Howie Roseman has stated time and time again this offseason that he won’t deal Ertz just because he wants out. Roseman wants some significant value for his former All-Pro tight end. You can’t really blame him for that.

The general idea around the Ertz-Eagles dilemma is that if the team continues to hold out on trading him, the value he’ll bring in return will continue to dwindle. But I actually don’t see it that way. There’s only one scenario where Ertz garners solid value on the trade market, and that’s if a team’s starting tight end goes down with a significant injury during offseason workouts or training camp.

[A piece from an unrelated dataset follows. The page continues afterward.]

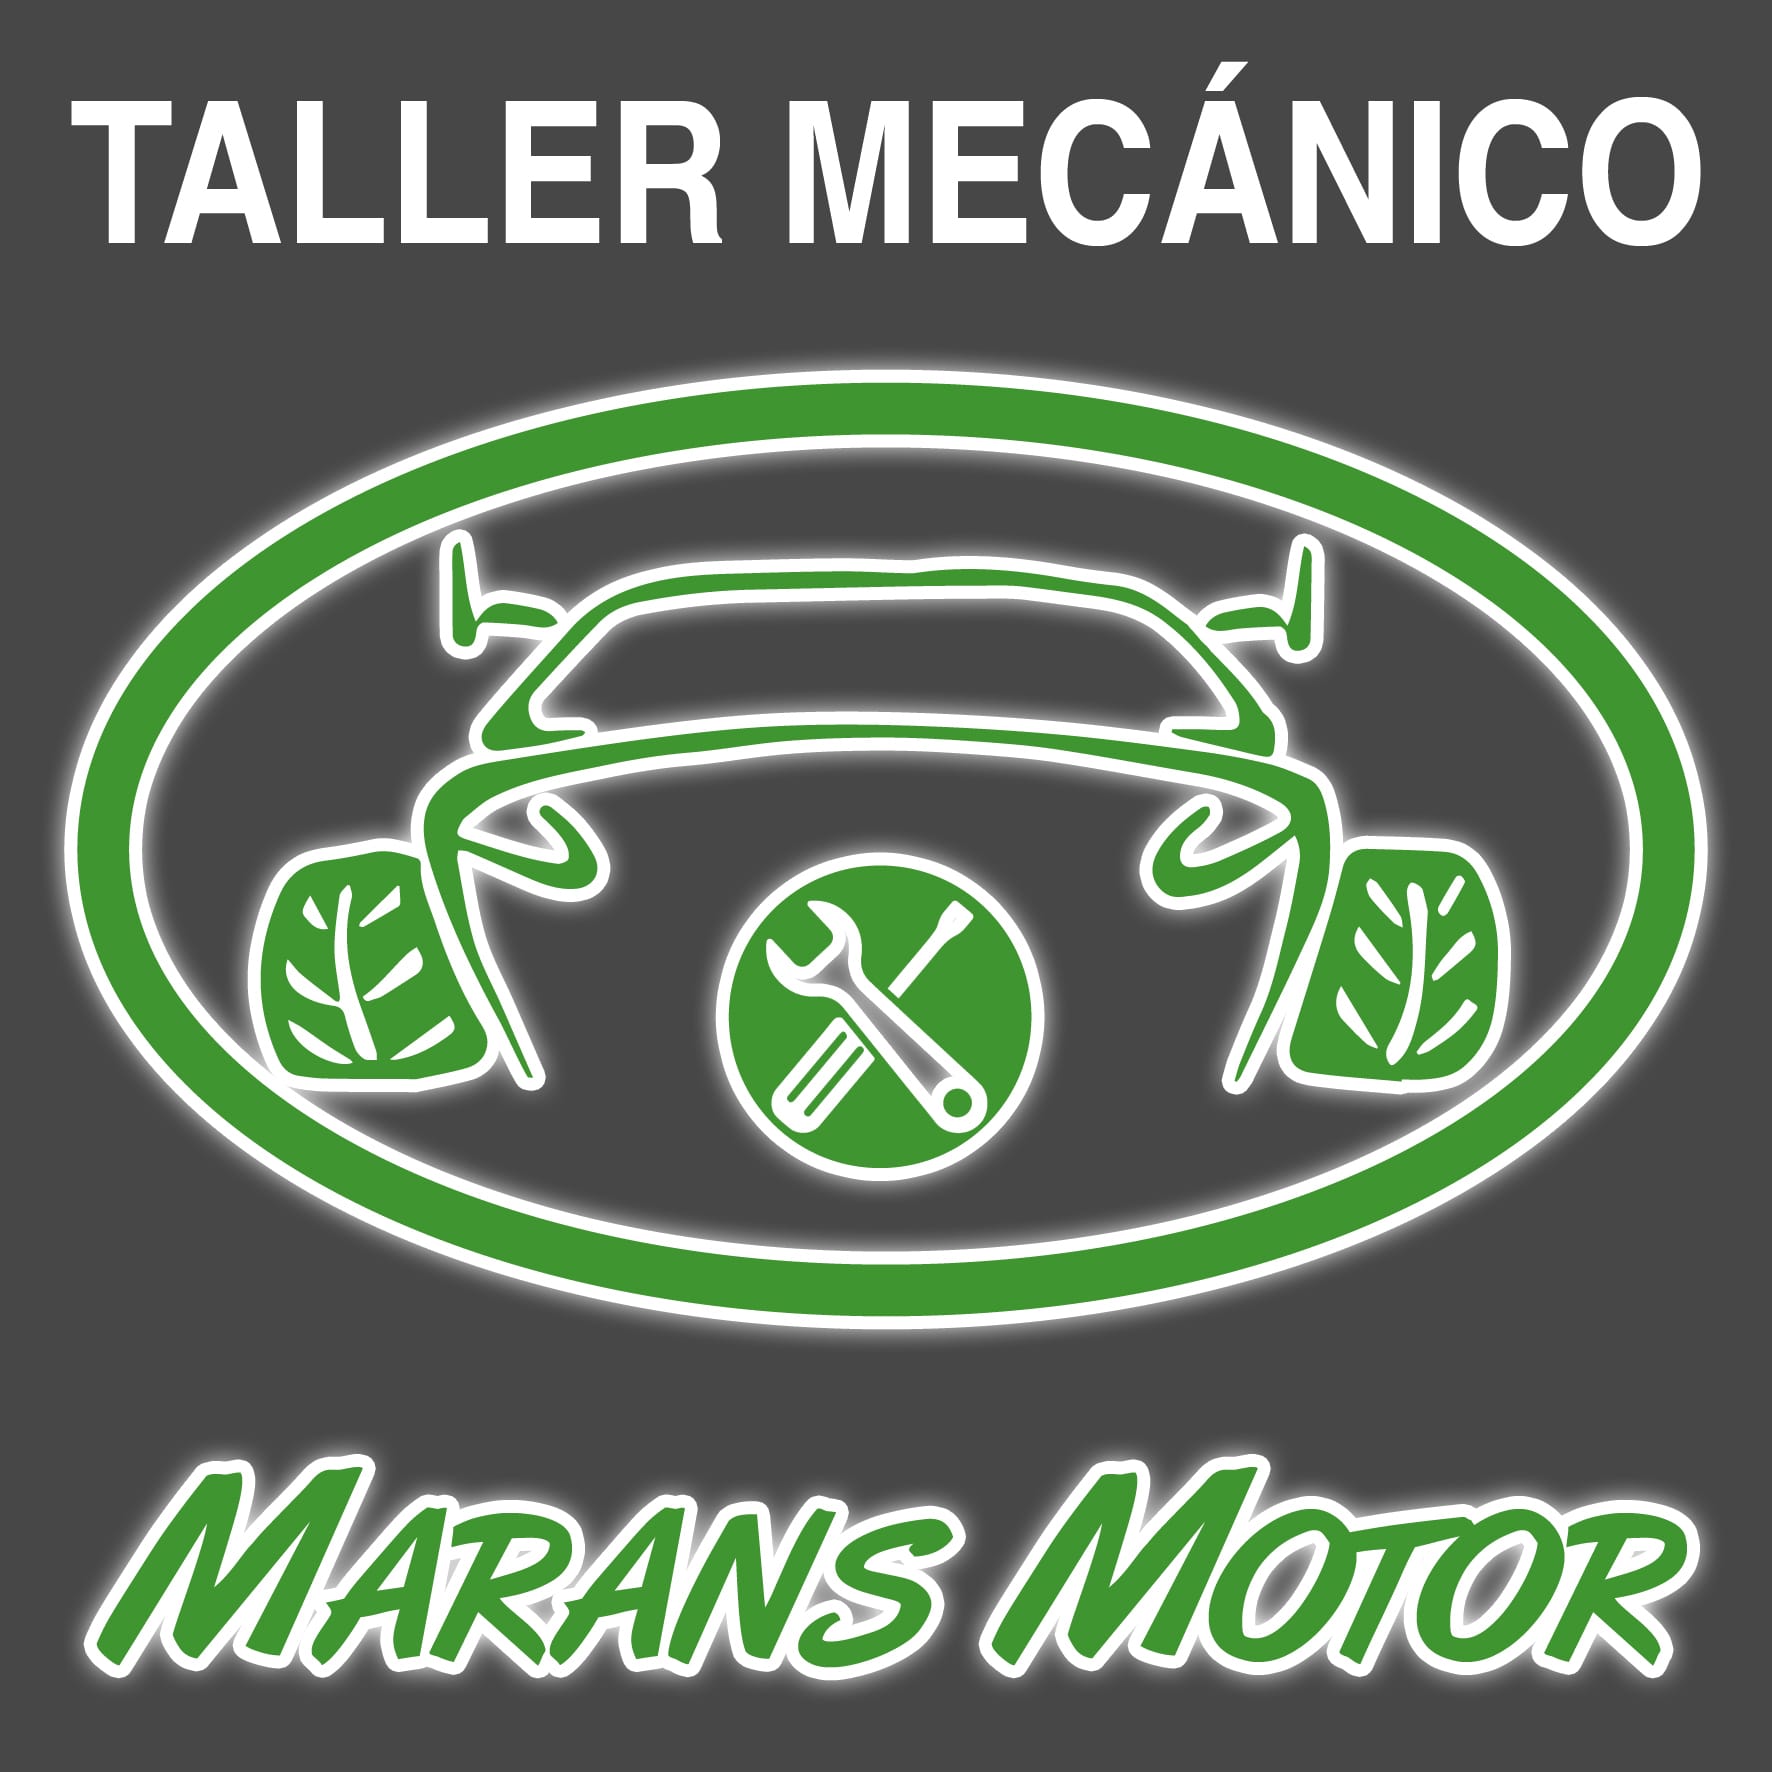 Taller Mecánico Marans Motor Linares

Now obviously we shouldn’t be hoping that happens just so we get something higher than a fifth round pick in return for Ertz, it’s just the reality of the situation.

As Eagles fans, we’ve seen this type of stuff happen in the past. Take the Sam Bradford trade in 2016 as an example. If Vikings quarterback Teddy Bridgewater didn’t go down with a season ending injury prior to the season, there’s no way Bradford would’ve garnered a first round pick in a trade.

The Eagles got pretty lucky in that situation, but why should they treat this Ertz situation any differently? Regardless of how slim the chances are of a starting tight end going down with an injury prior to Week 1, what do the Eagles have to lose by waiting? They have enough cap space to enter the season without cutting or trading Ertz and they won’t get anything better than a sixth round pick if they trade him right now.

Maybe Howie could work some magic and get a fourth or third round pick, but that would be highway robbery and whichever team puckers up for that deal should be mocked.

Say that doesn’t happen and the Ertz trade market is still dry, then what?

Well, Ertz can forego some of his salary for each practice he misses and continue to hold out, but that’s on him at that point. He’s under contract with the team, the team isn’t obligated to give him a pay raise or get rid of him while he’s under contract. Especially after coming off his worst statistical season as a pro.

I love Ertz just as much as the next guy. But you signed a contract and you played like shit last season. You can’t just demand a trade when your value is at an all-time low and expect the team to give in. The NFL is a business and the Eagles organization understands that.

I’ve said numerous times throughout the offseason that an Ertz trade will happen any day now, but at this point, the Eagles should just wait until they get a good offer. They don’t need to shed his cap space and there’s always a chance that a team will send more value than expected if they deem it necessary.